On Monday, Terrence Floyd, the younger brother of George Floyd, did something that no one should ever have to do: He visited the site where his sibling lost his life at the hands of Minneapolis police officers.
From the St. Paul Pioneer Press:
When Terrence Floyd finally made it to the spot Monday afternoon where his brother died a week earlier, he collapsed to one knee and dropped his head. He cried, and his delegation from Brooklyn, N.Y., consoled him.
The sound of clicking cameras by media from across the world soon was drowned out by chants from many of the hundreds of people who gathered at Cup Foods on Chicago Avenue and 38th Street in Minneapolis.
“What’s his name?” someone from the crowd yelled. “George Floyd!” they yelled back.
Terrence Floyd raised his gloved hand to his heart, patted it twice and touched the Chicago Avenue pavement where his 46-year-old older brother died May 25 after being pinned facedown by three Minneapolis police officers for nearly nine minutes, despite his pleas to stop and that he couldn’t breathe. A fourth officer stood guard.
Afterward, Floyd addressed the crowd and called for an end to the unrest tearing apart the country.
“I understand y’all are upset, but I doubt y’all are half as upset as I am,” he spoke into a bullhorn. “So if I’m not over here wildin’ out, if I’m not over here blowing up stuff, if I’m not over here messing up my community, then what are y’all doing?”
He continued, “My family is a peaceful family. My family is God-fearing. [...] Let’s stop thinking that our voice doesn’t matter. Educate yourself, and know who you’re voting for. That’s how we’re going to hit them.”

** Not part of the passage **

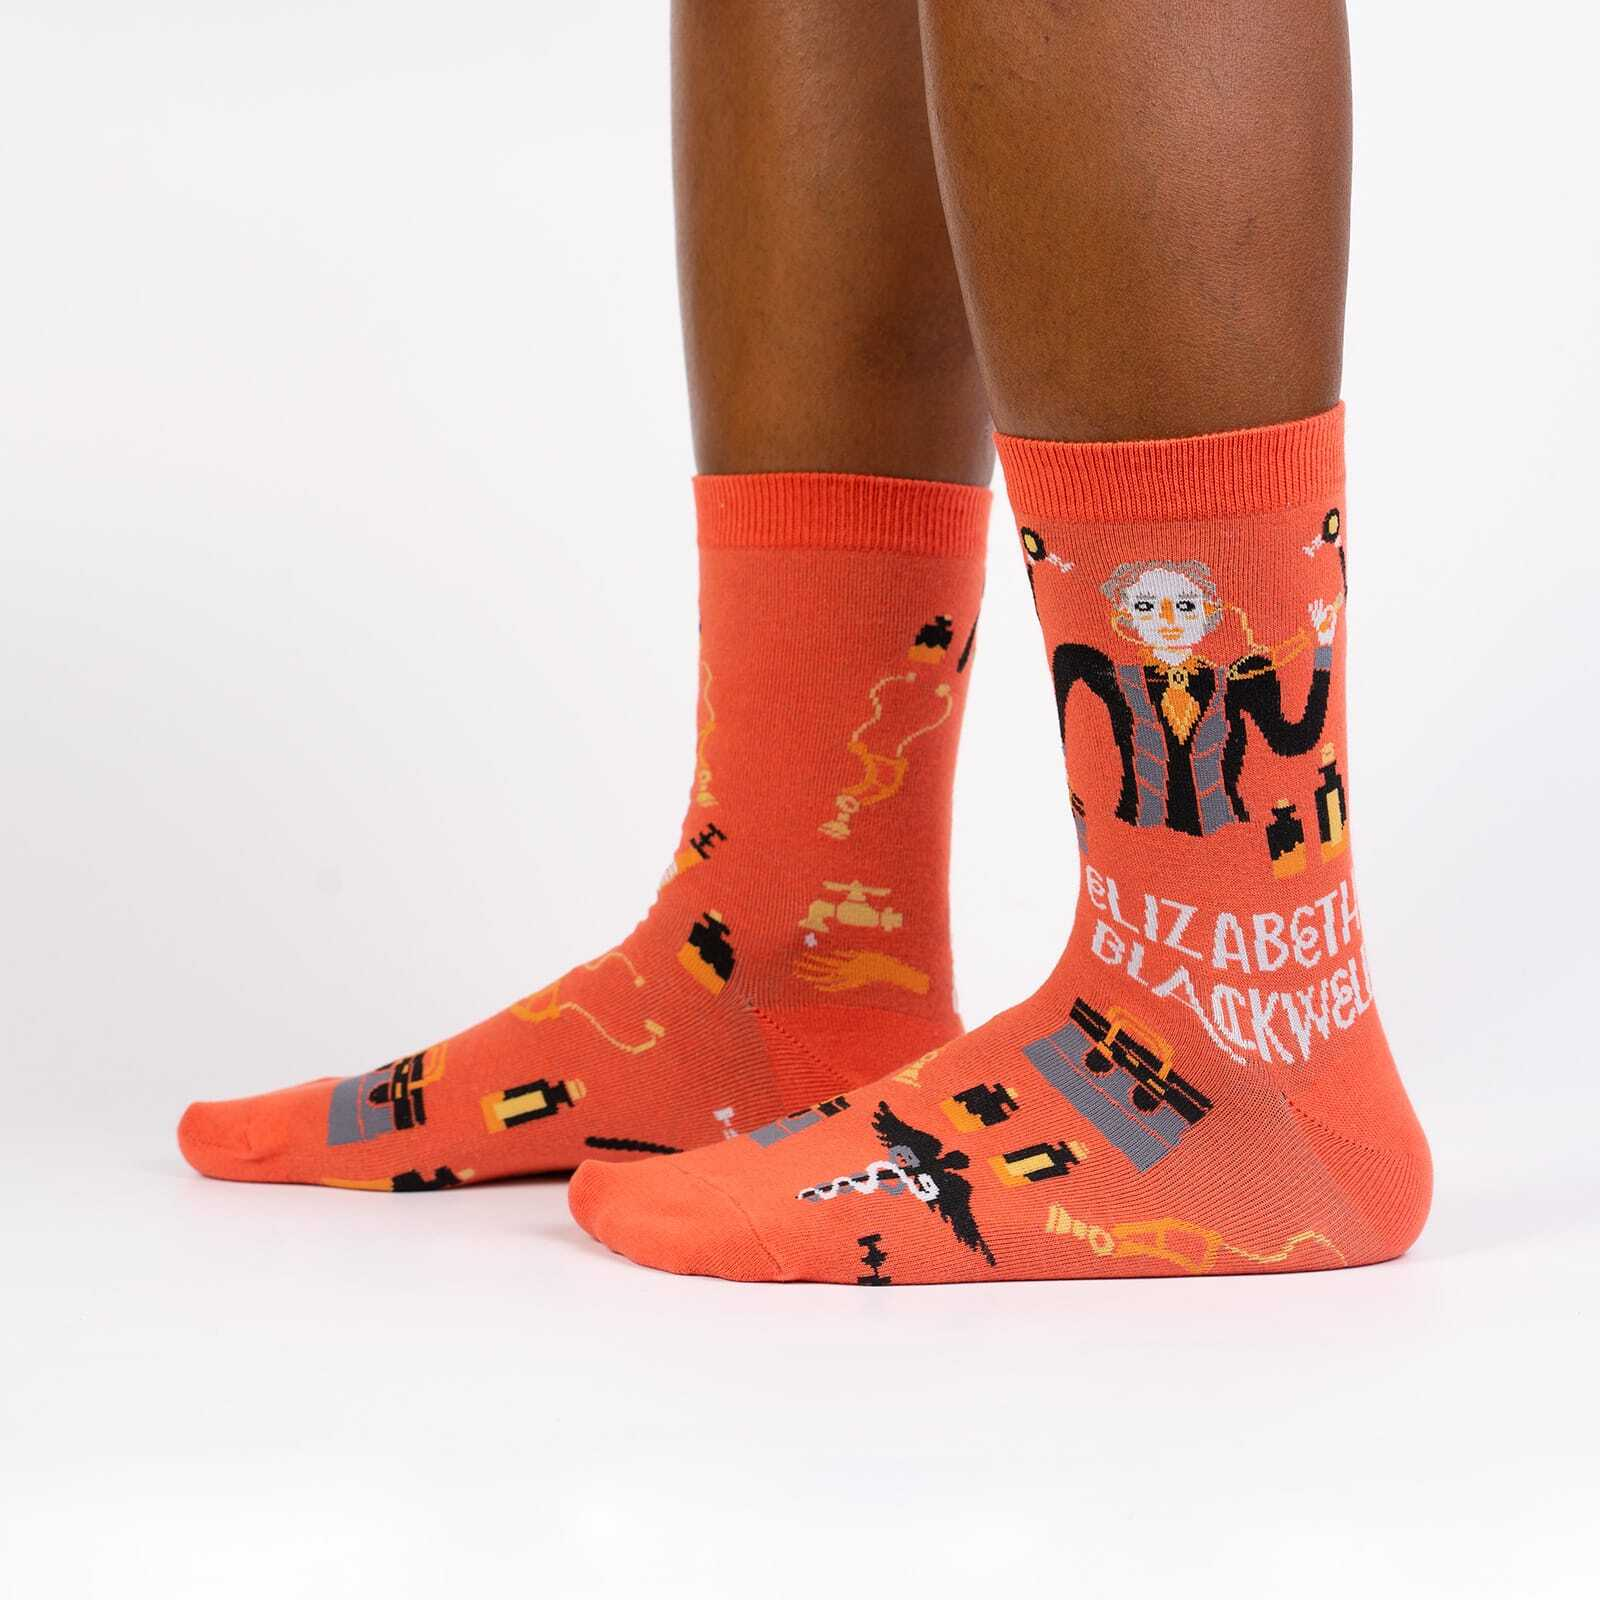 Elizabeth Blackwell - Famous Science Feminist Icons Crew Socks Orange - Women's in Orange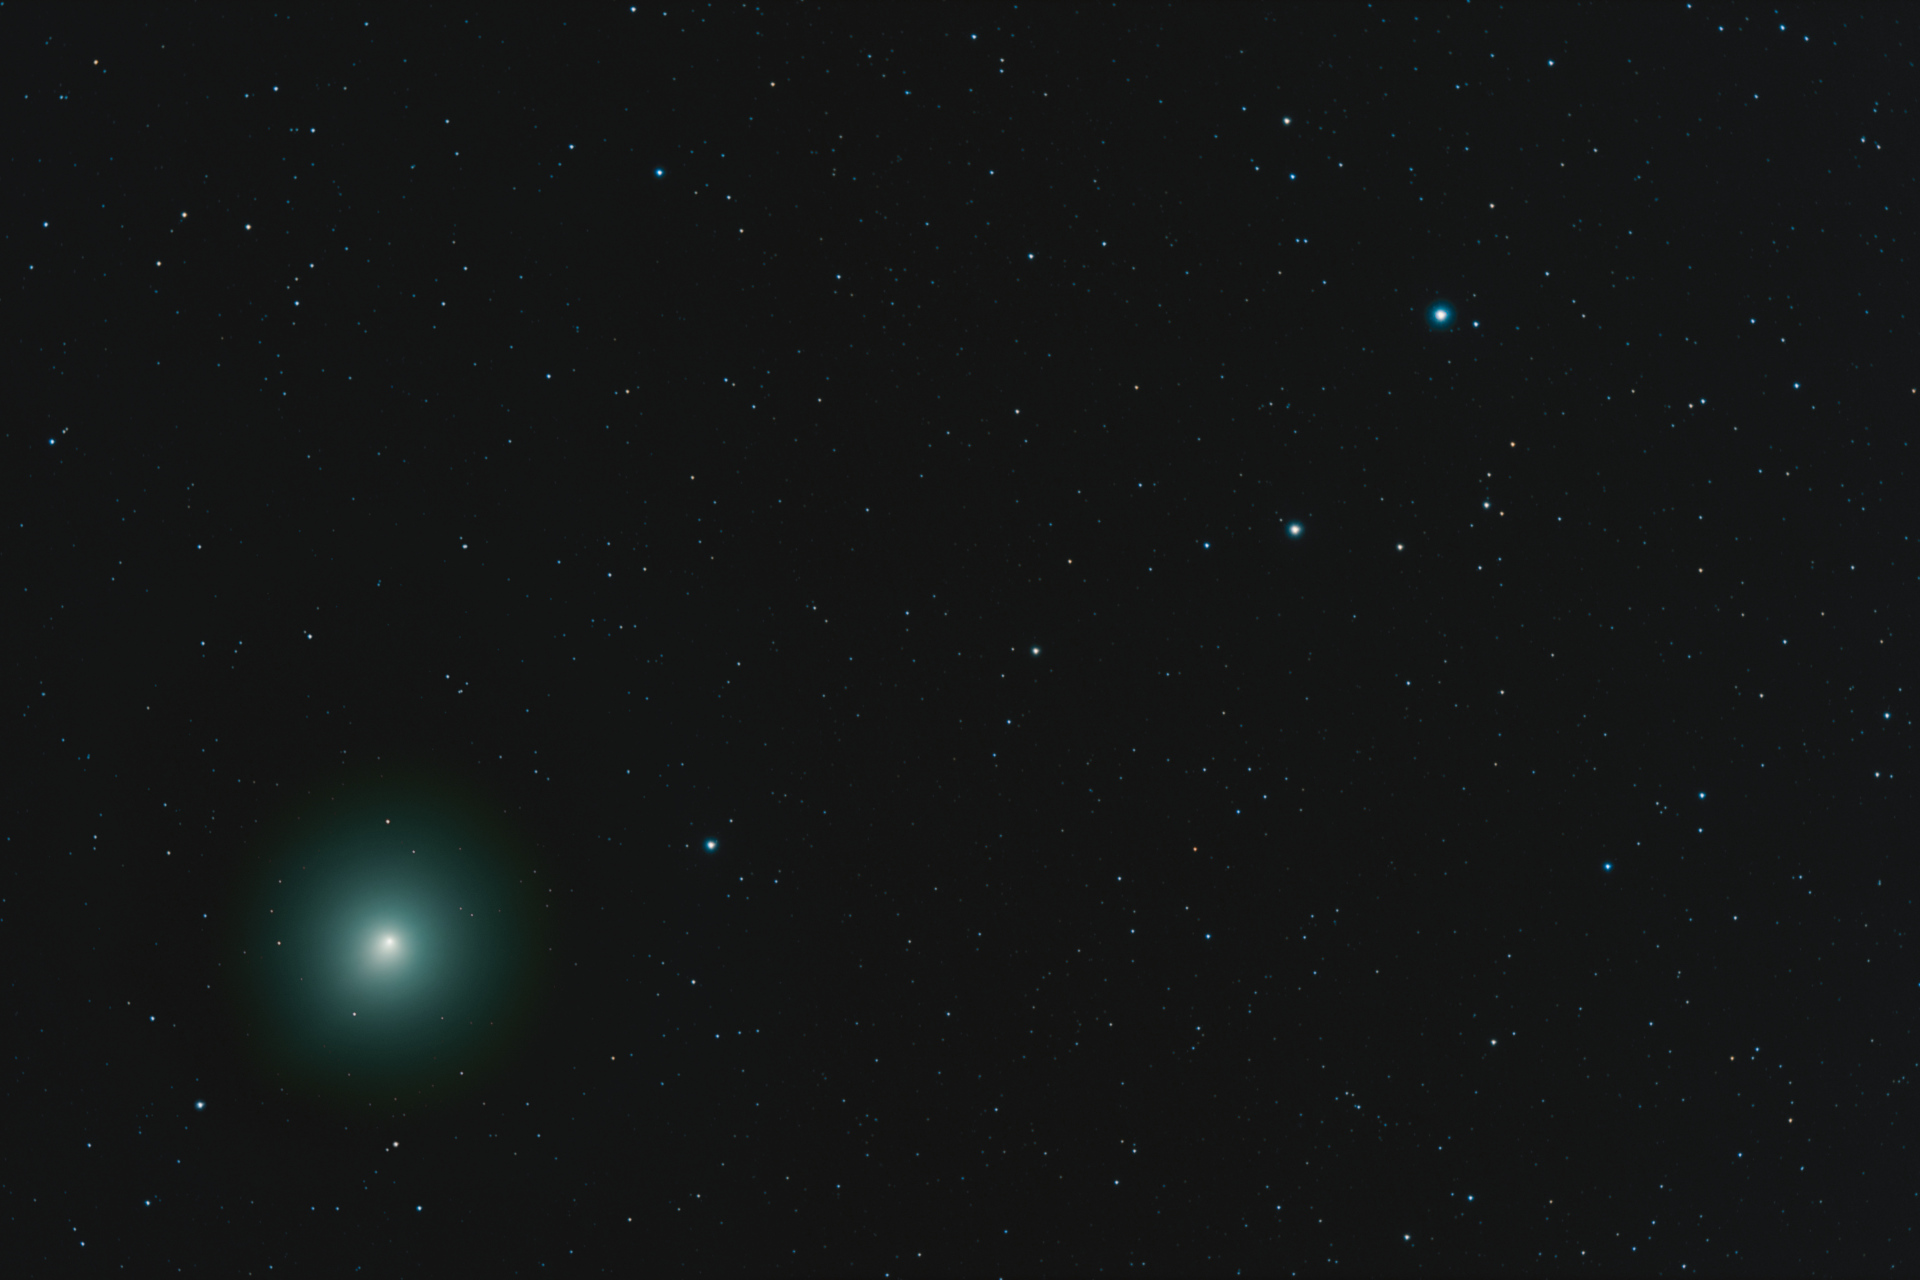 Comète 46P/Wirtanen 18121111

Rev. Kevin McCall, who flew to Minneapolis from New York with Floyd, civil rights lawyer Sanford Rubenstein and others, echoed Floyd’s sentiments as he addressed the crowd himself.
“We’re sending a message to people all over this country to stop looting and throw up the peace sign,” he said. “The power is in the numbers. Don’t stop protesting, but throw up the peace sign.”
As we previously reported at The Root, an independent autopsy requested by the family has confirmed what we already knew: That Floyd’s death was a homicide. Specifically, that it was “caused by asphyxia due to neck and back compression that led to a lack of blood flow to the brain.”
The results of the autopsy, which was conducted by Dr. Michael Baden and Dr. Allecia Wilson, were released Monday afternoon by Floyd family attorney Ben Crump. Hours later on Monday, the Hennepin County Medical Examiner’s Office officially declared Floyd’s death a homicide when it issued its final public report, which states that he died as a result of “cardiopulmonary arrest complicating law enforcement subdual, restraint, and neck compression,” the Minneapolis Star-Tribune reports.